Approval  to Extradite Ugandan Terror Suspect Jamil Mukulu Expected Friday

Jamil Mukulu New

By TZ Business News Staff.

A court approval to extradite the Al Qaeda trained terror suspect Jamil Mukulu  from Tanzania to Uganda is expected to be made on Friday, May 22, 2015, in Dar es Salaam, the Tanzania Director of Criminal Investigations (DCI), Commissioner of Police (CP) Diwani Athumani Msuya has told TZ Business News.

Ugandan authorities filed papers in the Tanzania High Court earlier this May, 2015 to request approval for the extradition of the high profile terror suspect to Uganda amid Tanzania’s indecision because the Democratic Republic of Congo (DRC) was also wanting Mukulu extradited to the DRC.

The extradition process in favour of Uganda  has already started, CP Msuya told this website.  Responding to the question, is it true Tanzania has agreed to extradite the terror suspect Jamil Mukulu to Uganda?  The DCI replied: “yes, we are waiting for completion of the process in court on Friday [May 22, 2015]”.

Mukulu is wanted  in both Uganda and Congo DRC on several counts of terrorism, murder, child and women trafficking; and forceful recruitment of both women and children into rebel ranks.  Uganda and Tanzania do not have an extradition treaty.

Interpol in Uganda has confirmed the  Islamic extremist leader recently arrested in Tanzania is set to be extradited to Uganda after Tanzanian authorities agreed to cooperate.

Asan Kasingye, head of Interpol in Uganda  told the Associated Press Tuesday, May  19, 2015 the terror suspect appeared in a Tanzanian court on Friday, May 15, 2015, charged with multiple counts of murder, after his extradition papers were filed.
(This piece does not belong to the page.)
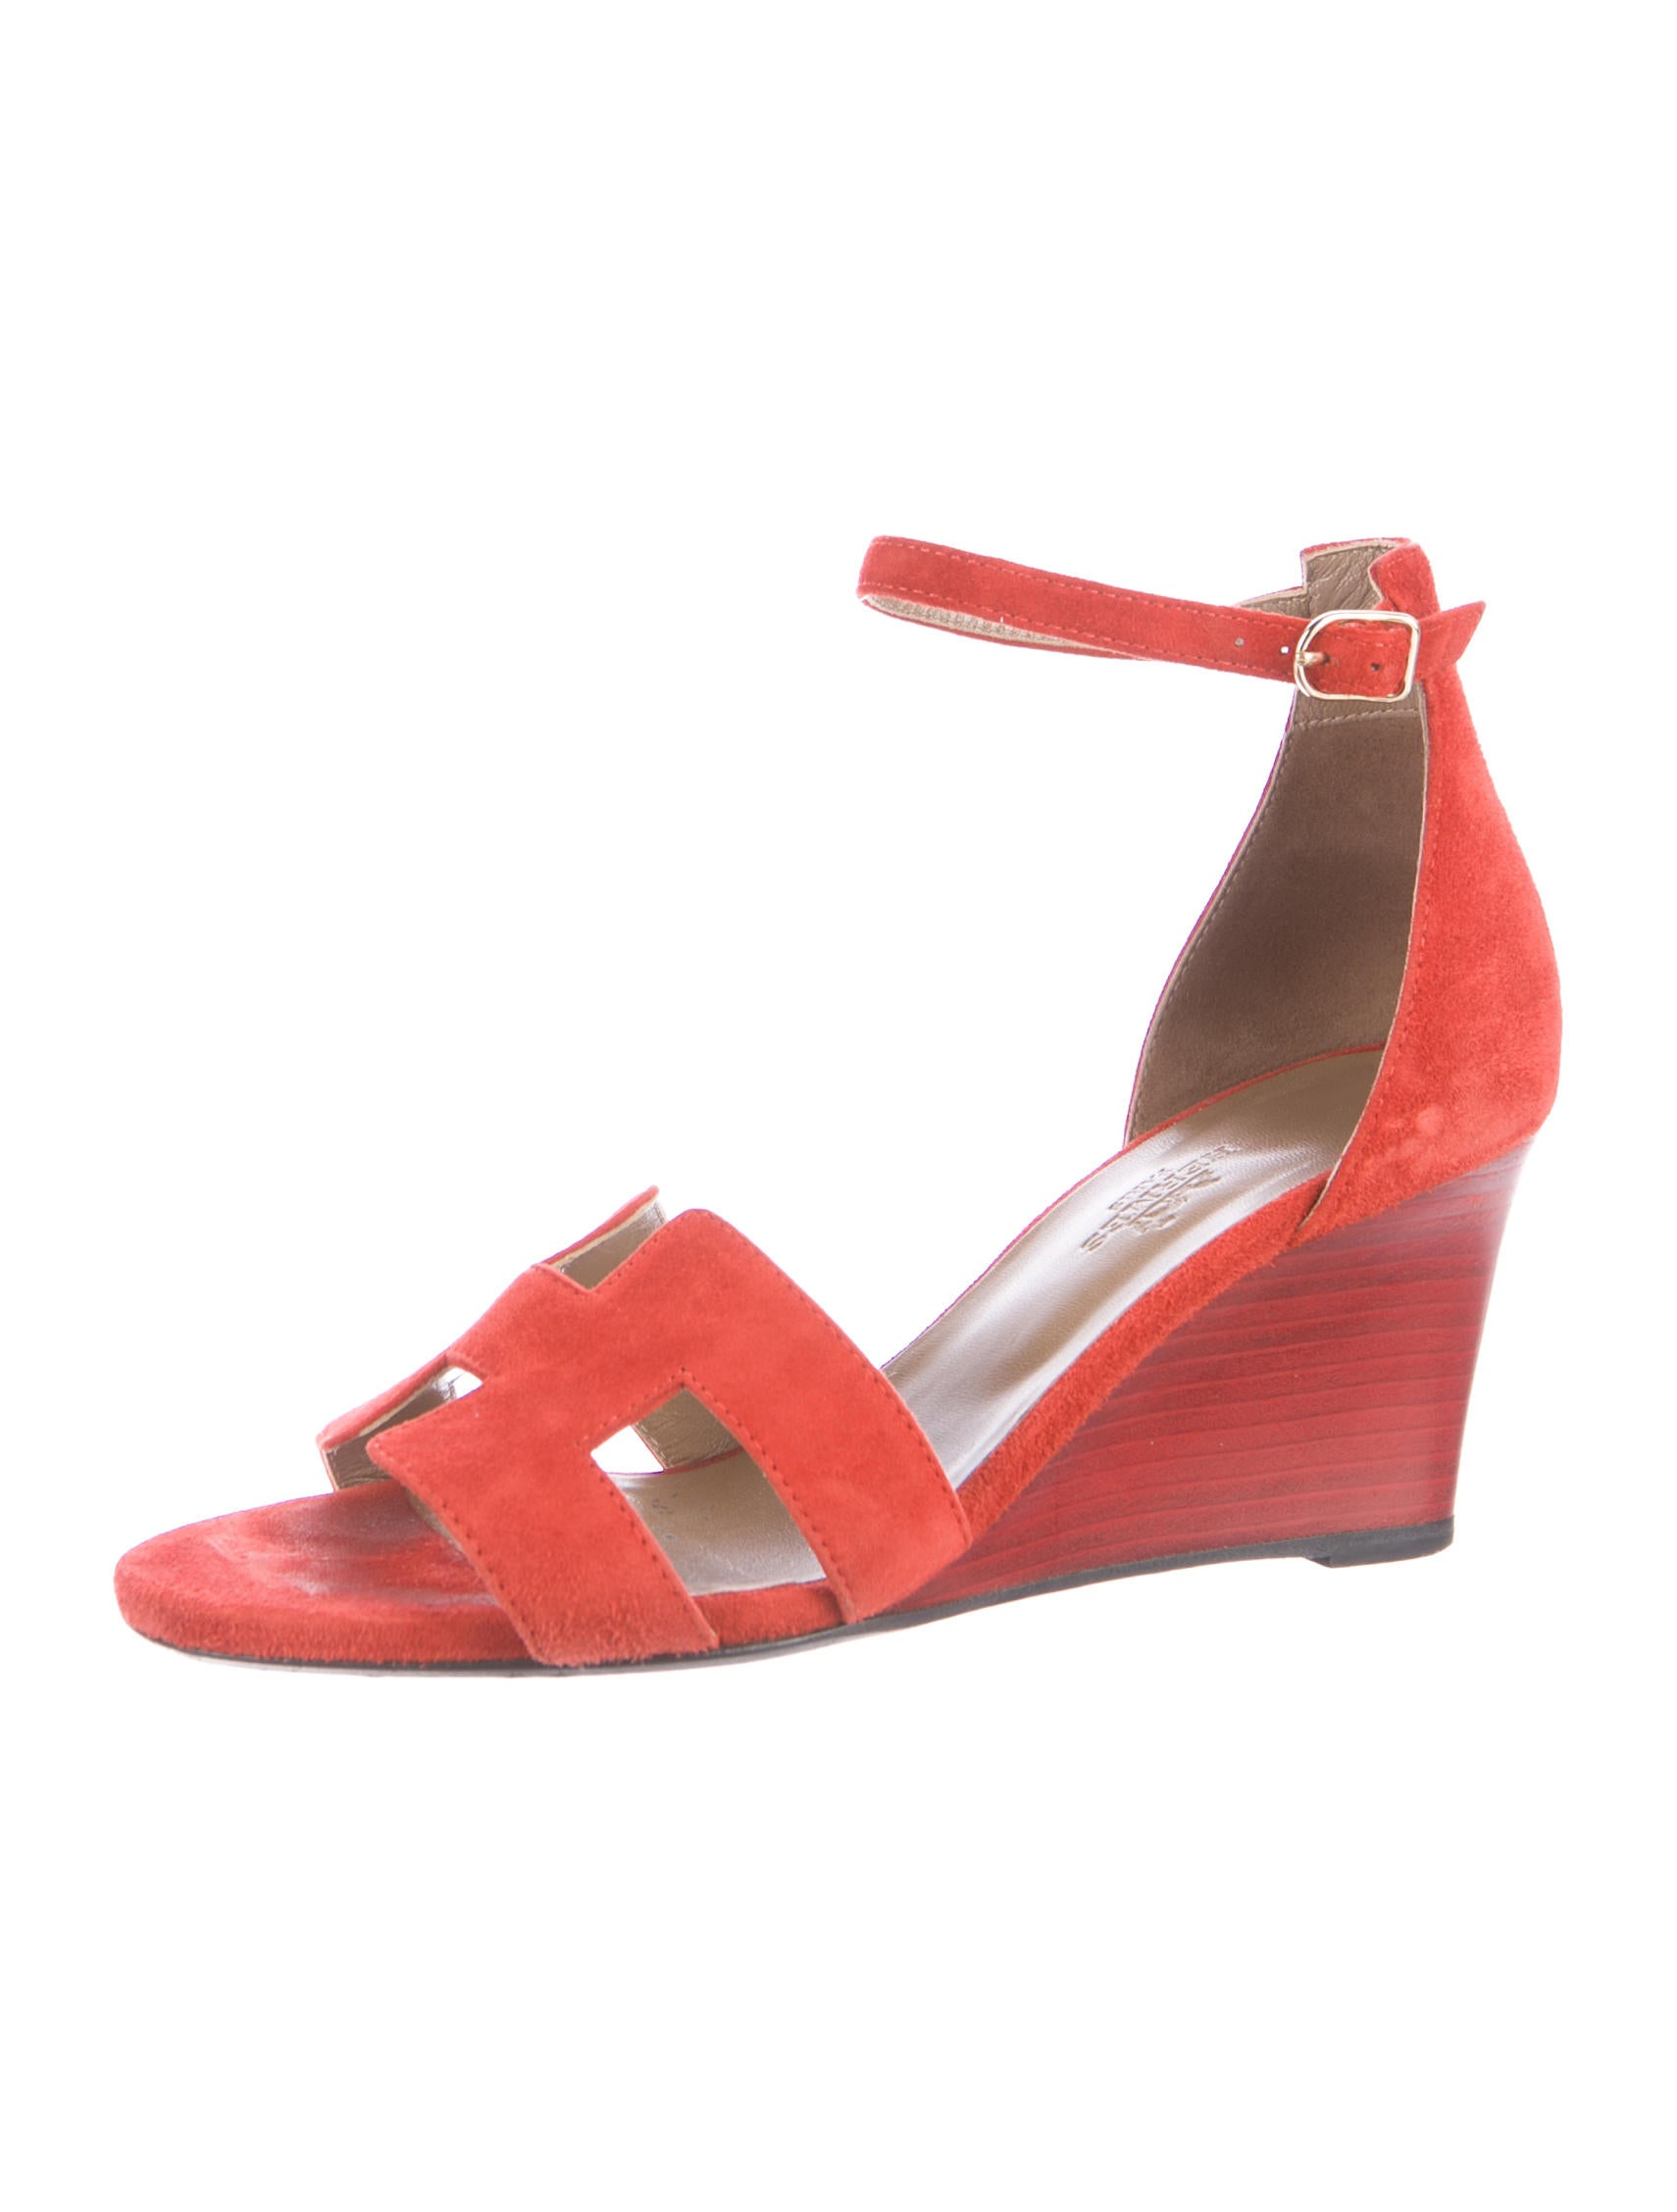 hermes women shoes - photo #46
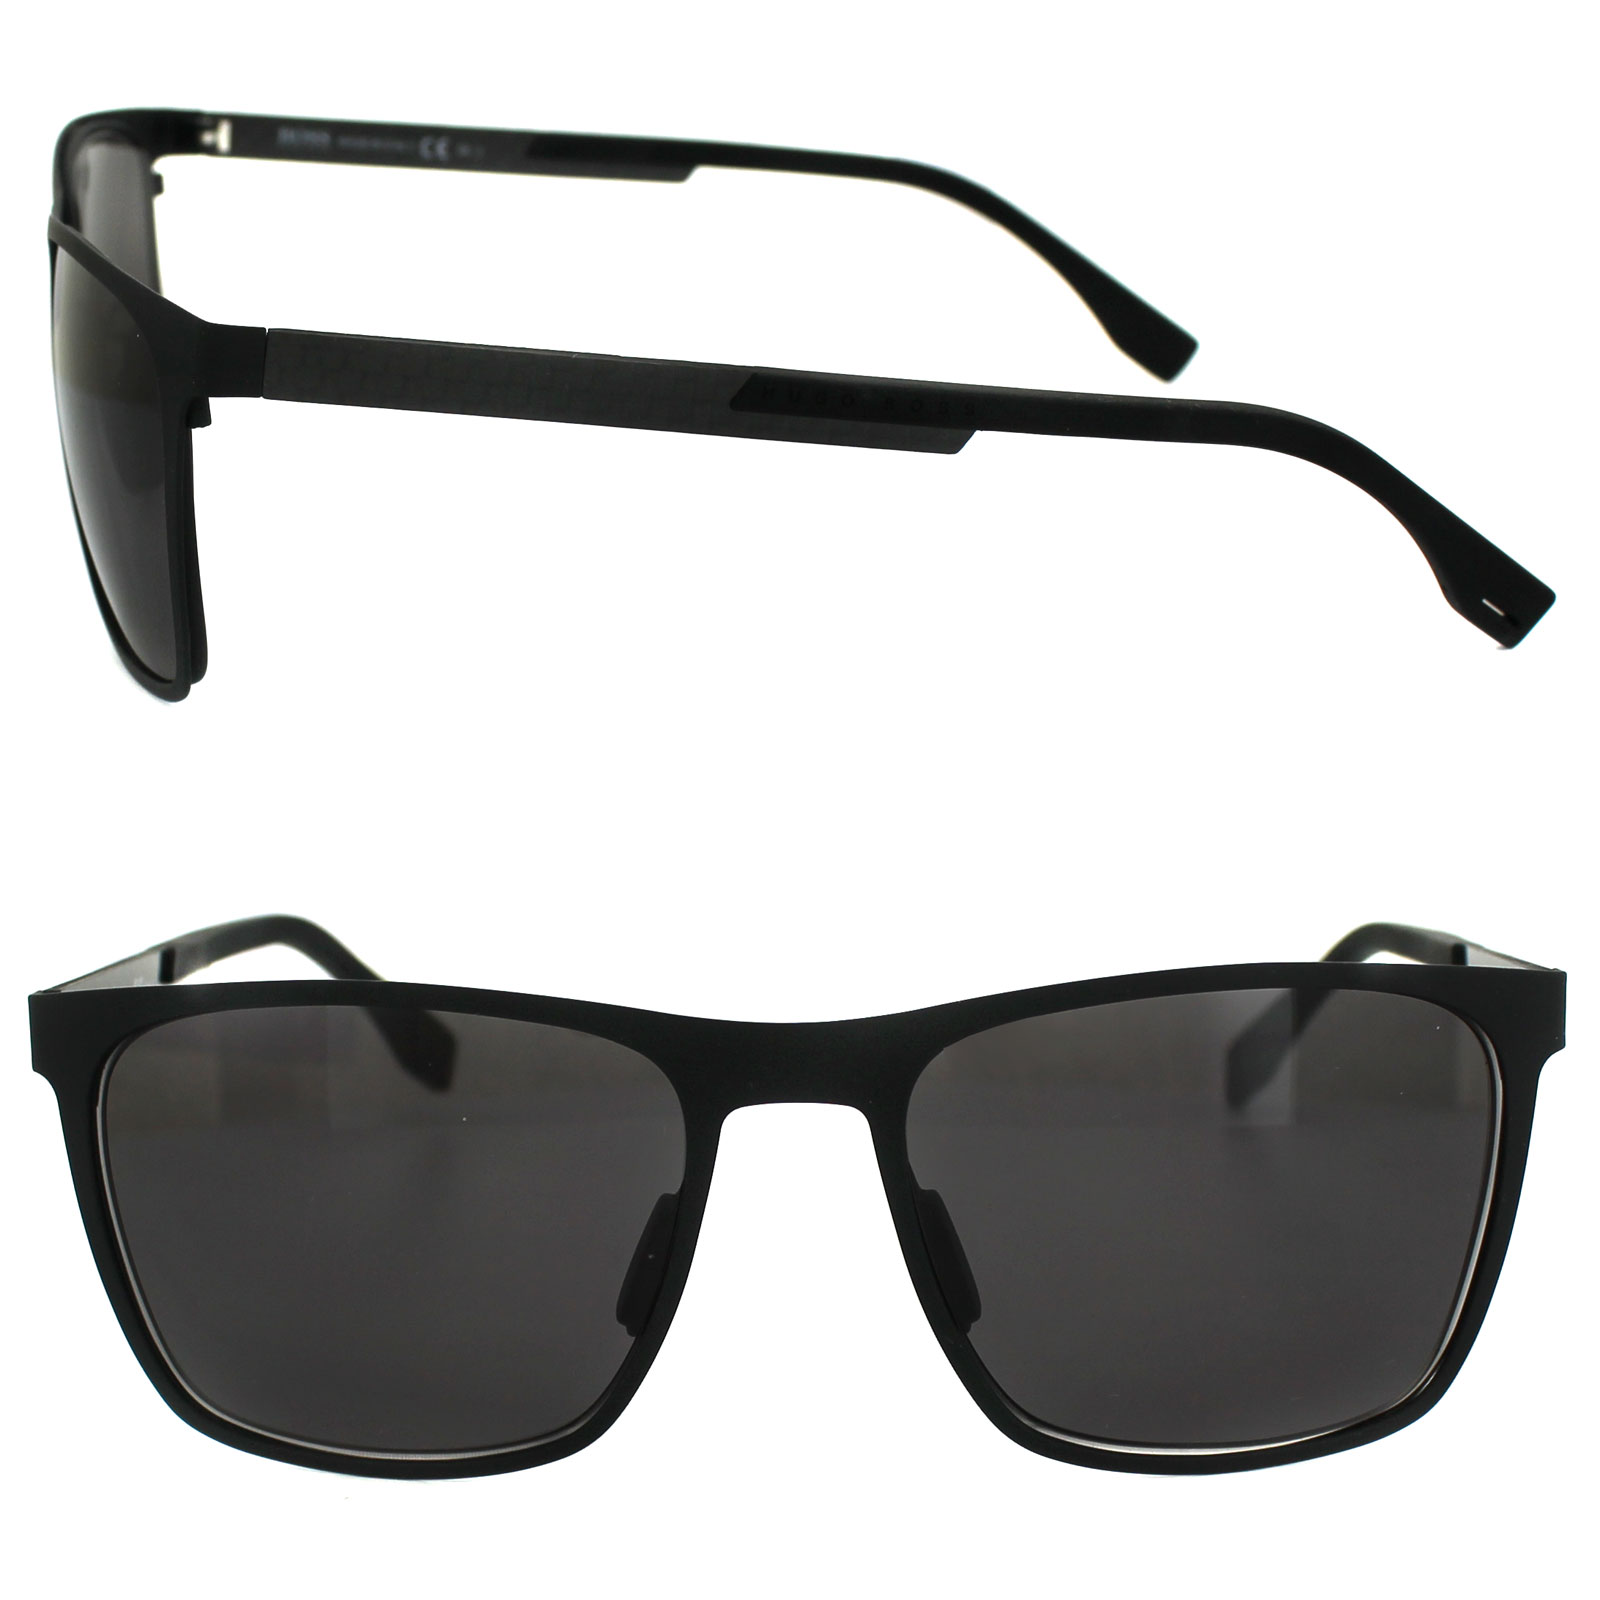 Sentinel Hugo Boss Sunglasses 0732 KCQ Y1 Matt Black Carbon Black Grey

Jamil Mukulu,  leader of the Ugandan armed group Allied Democratic Forces (ADF), doesn’t want to go back to Uganda because he thinks they will just kill him, Kasingye,  who was granted permission to question Mukulu in  Dar es Salaam told the news agency  AP.

The Uganda Interpol chief  said the rebel leader was “picked up” from his home in Dar es Salaam earlier this year, [apparently hiding in plain sight like his leader Osama bin Laden who hid in plain sight in Abbottabad, Pakistan, until the US Navy Seals got him].   Tanzania security  forces  reportedly acted on a tip-off.

“He doesn’t want to go back to Uganda because he thinks they will just kill him,” said Kasingye, who questioned Mukulu in Dar es Salaam.  The Kinshasa government is also urging Mukulu’s extradition to Congo, saying he committed more crimes there.

The ADF originated in Uganda in the 1990s but now operates in the jungles of eastern Congo. The group is accused of carrying out massacres in Uganda as well as in parts of eastern Congo, including killings recently near the town of Beni in Congo’s North Kivu province. In that attack in mid-May, rebels using machetes and axes killed 23 people in an overnight assault on several small villages.

Mukulu is blacklisted by the U.S. and was the subject of an Interpol arrest warrant for attacks carried out against civilians.

A convert to Islam, Mukulu is accused of ordering a range of crimes, including a 1998 massacre in which scores of students were burned to death in their dormitories in a town near the Congo border.

The ADF, which originally said it opposed what it called the marginalization of Ugandan Muslims, is accused of launching a series of deadly bomb blasts in the Ugandan capital of Kampala in the late 1990s before a military operation forced the rebels to set up camp in an eastern Congo forest.

A U.N. report in 2012 said ADF rebels had “expanded their military capacity and cooperated” with Somalia’s al-Shabab extremists.

The ADF rebels had largely been quiet, though they would stage sporadic attacks on towns in eastern Congo and against Congolese military units.

This year, Uganda authorities linked ADF to several murders in the country. A number of Islamic religious schools were also closed down on allegations they recruited children to join the ADF.